◆ **Goal of the exercise**
Write out every line of the material as it stands, apart from the pictures.

▽

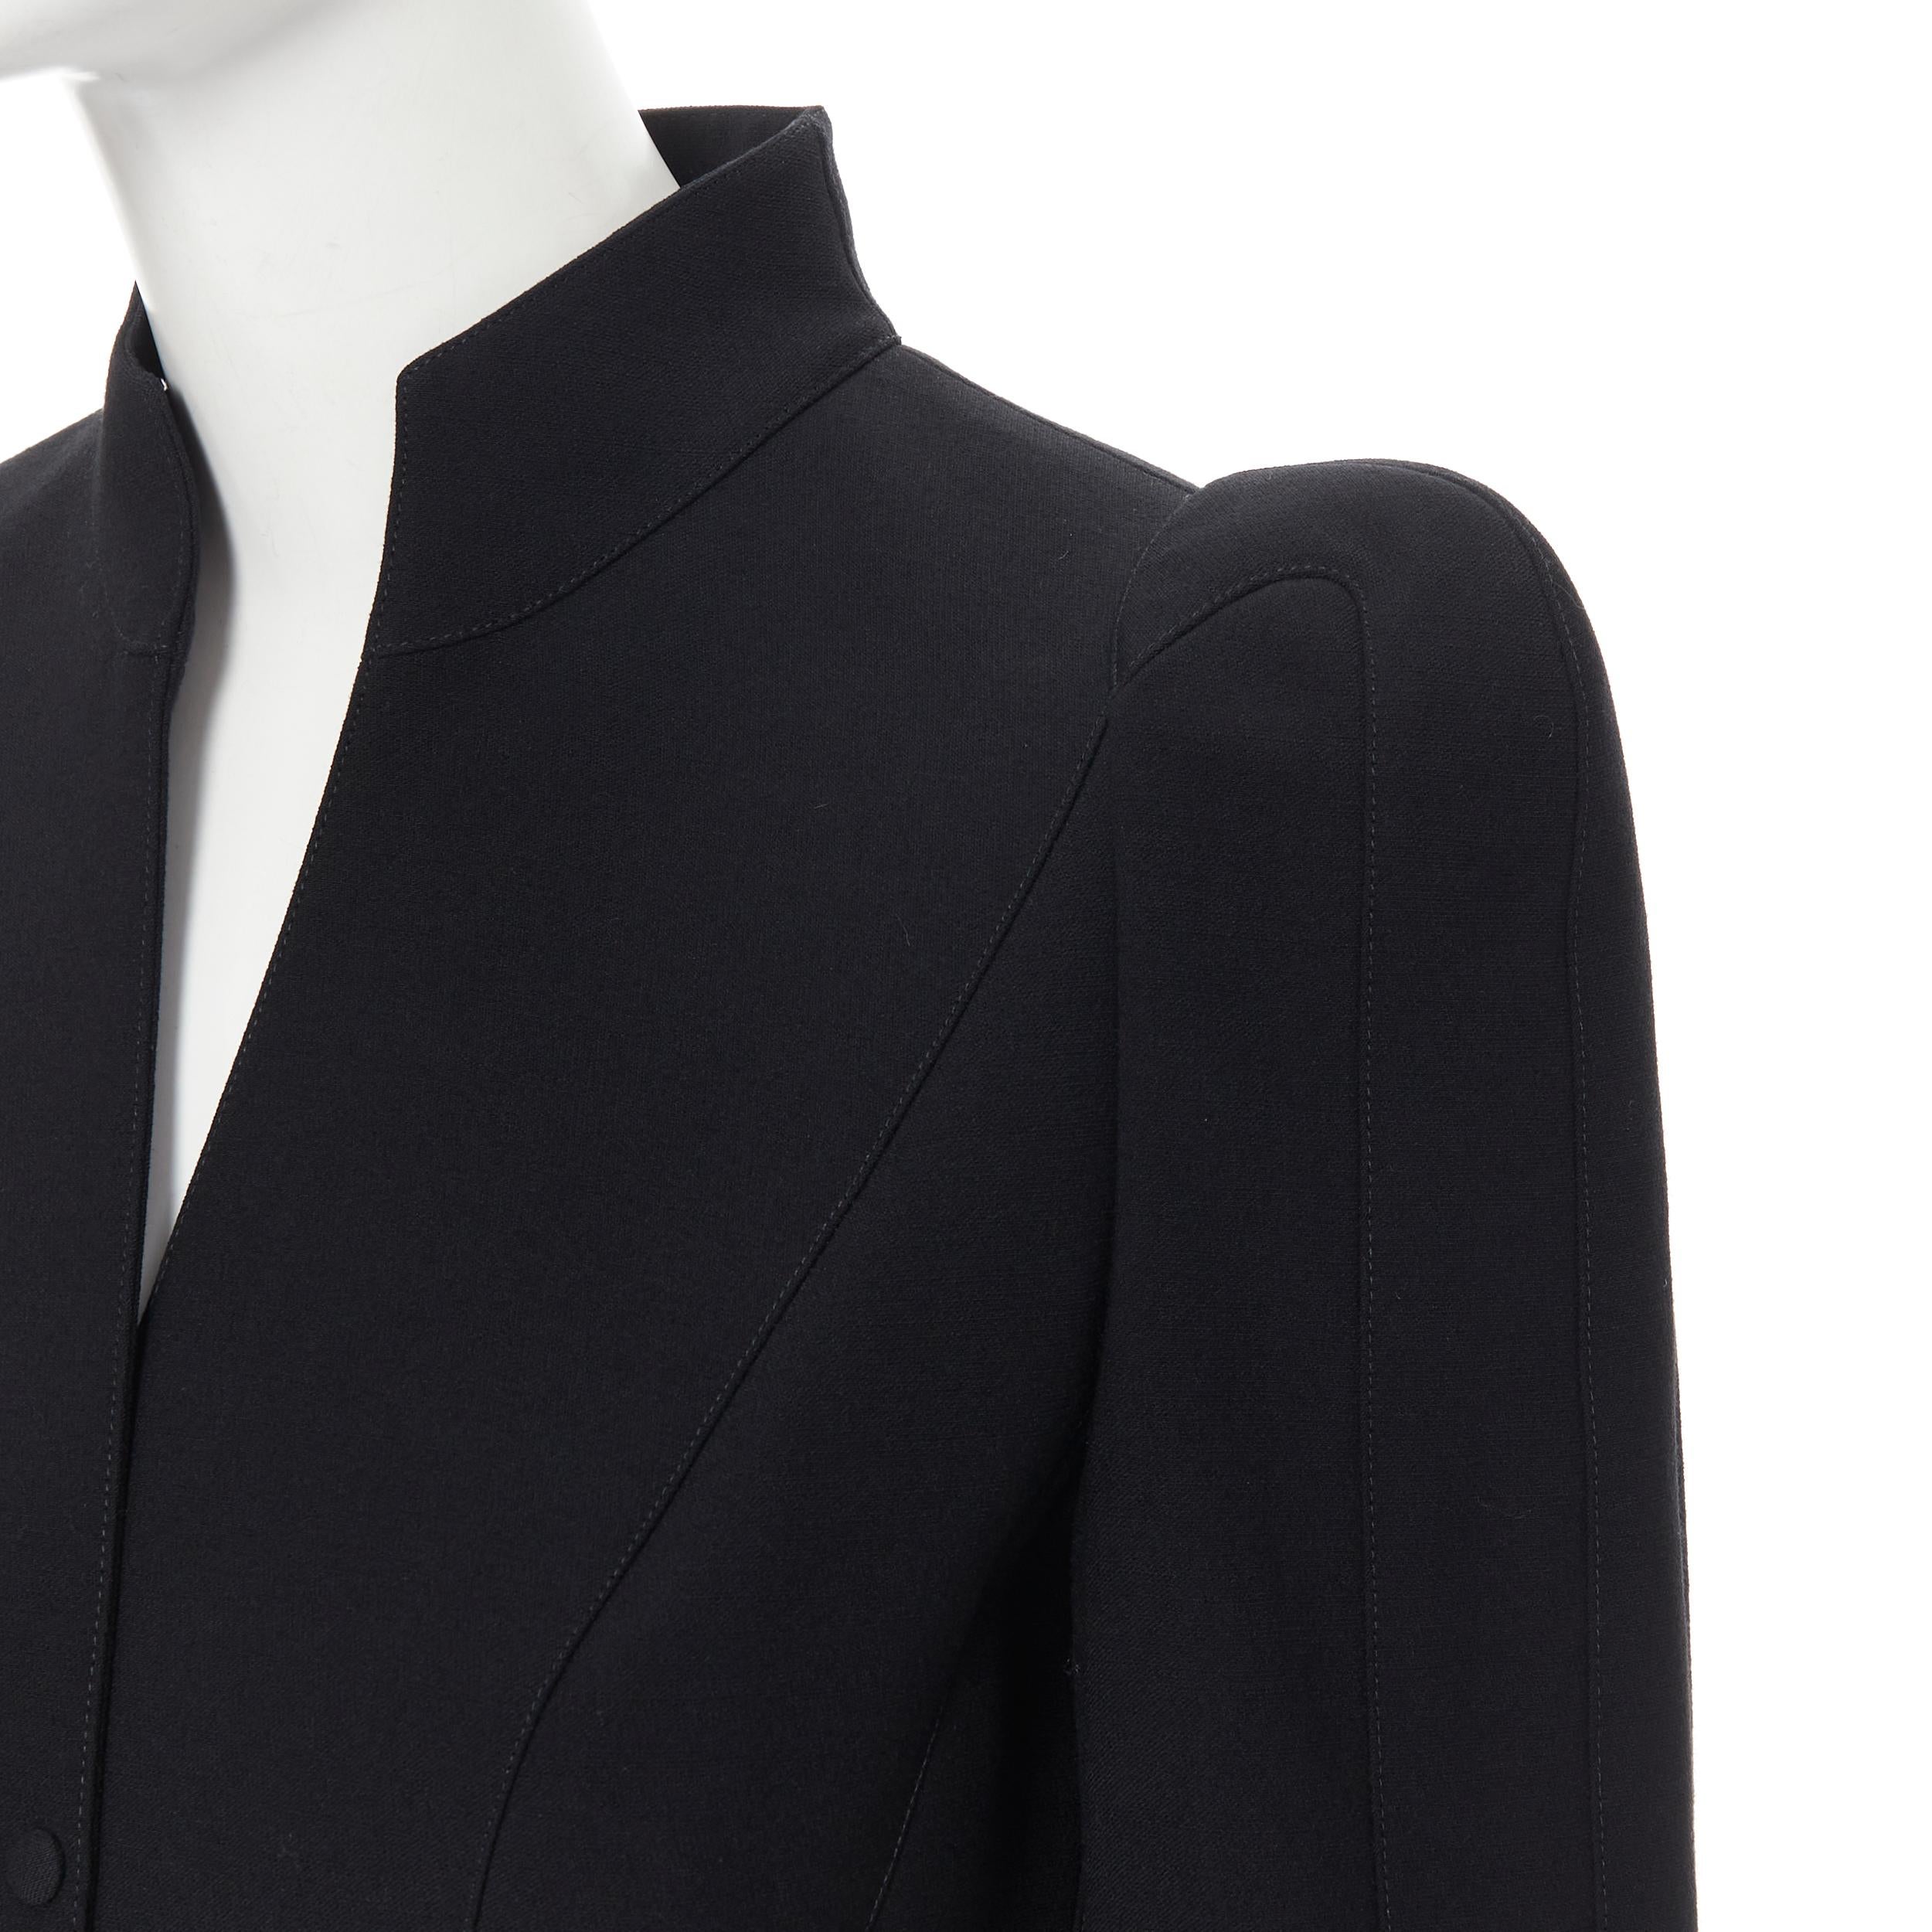 THIERRY MUGLER black wool peak shoulder fitted peplum blazer jacket FR38 S 
Reference: GIYG/A00053 
Brand: Thierry Mugler 
Designer: Thierry Mugler 
Material: Wool 
Color: Black 
Pattern: Solid 
Closure: Button 
Extra Detail: This blazer comes with

△

◆ **Written answer**
 THIERRY MUGLER black wool peak shoulder fitted peplum blazer jacket FR38 S 
Reference: GIYG/A00053 
Brand: Thierry Mugler 
Designer: Thierry Mugler 
Material: Wool 
Color: Black 
Pattern: Solid 
Closure: Button 
Extra Detail: This blazer comes with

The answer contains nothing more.